В самый вечер "Ходынки" был бал у французского посла Монтебелло в Охотничьем клубе на Воздвиженке. Ждали, что его отменят. Однако он состоялся по настоянию тех, кто чувствовал себя больше всех виноватым и боялся всякого акта, который бы показал стране, что и власть в печали, потому что проявление печали в данном случае слишком обязывало и к расследованию причин, ее создавших, и к следствию, к суду и к карам. Черными тучами стоял народ по Моховой и Воздвиженке, на пути парадных карет, и молчал, как великий гроб...
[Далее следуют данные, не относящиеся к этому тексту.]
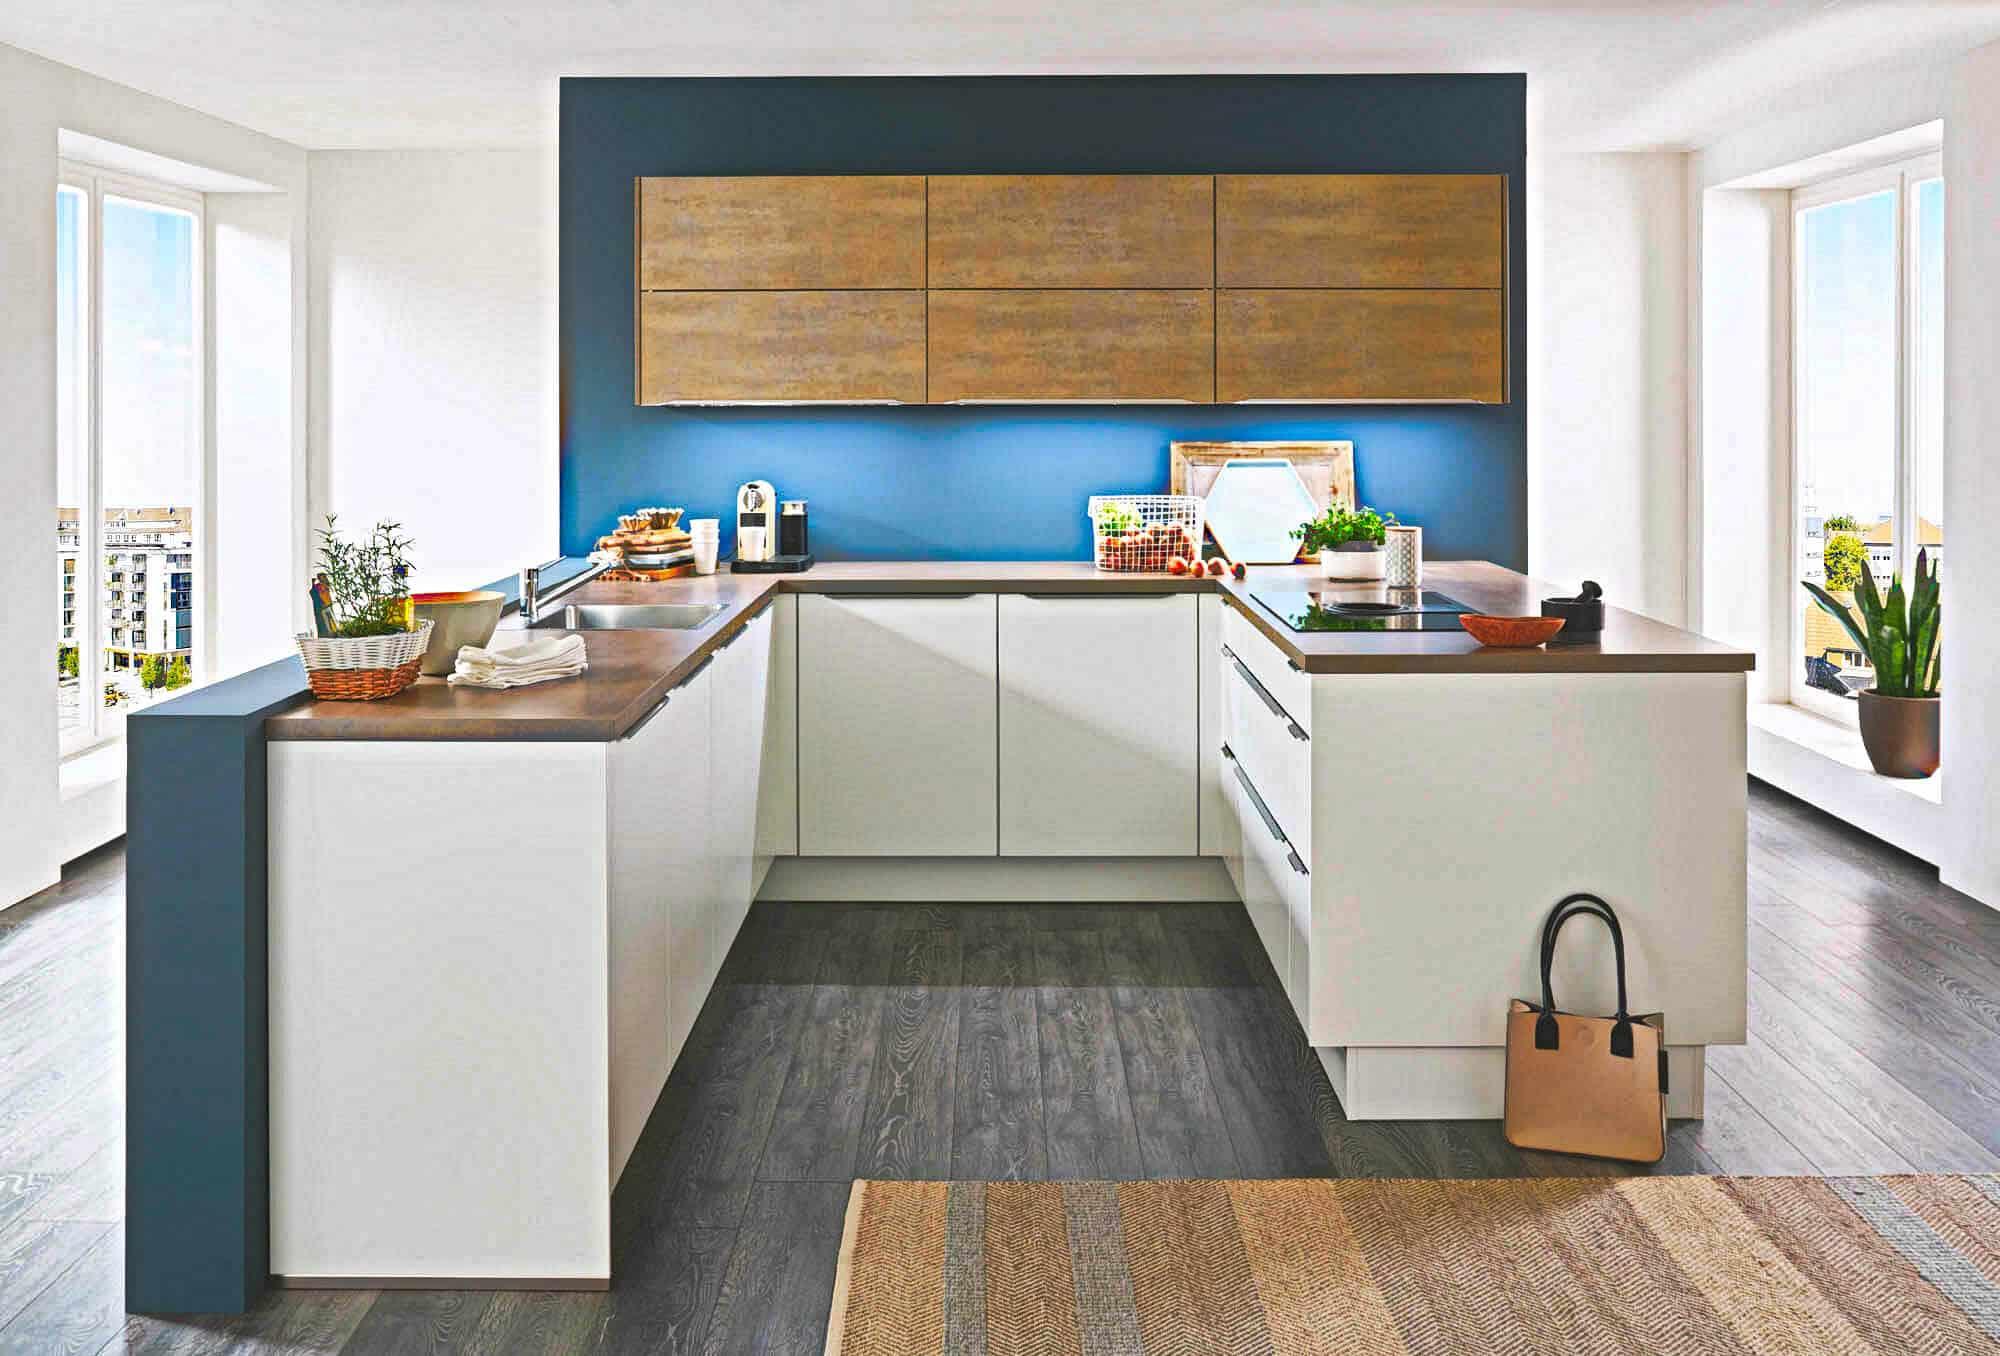 u k chen k chen immer 10 preiswerter als ihr vergleichbares angebot. Black Bedroom Furniture Sets. Home Design Ideas

А мужик, навалившийся на праздник сотнями тысяч душ, бежал в паническом страхе обратными путями к родным местам и рассказывал по дороге, и рассказывал дома, и росла, росла грозная плач-молва, и крепла, и разветвлялась легенда незабываемого ужаса.
* * *
С бугра, на котором стояли Альбатросов, Истуканов, Алевтина Андреевна и Сережа, давки не было видно и слышно. О ней догадались.
Чернобородый артельщик, зорко воззрившись в черную народную толчею, вдруг заулыбался.
-- Вот народ, черти-искусники! -- сказал он.-- Каких-то двое на толпу влезли да по головам на четверинках идут...
-- Да их не двое, а пятеро,-- сосчитал кто-то.
-- Больше! Семь... девять... одиннадцать...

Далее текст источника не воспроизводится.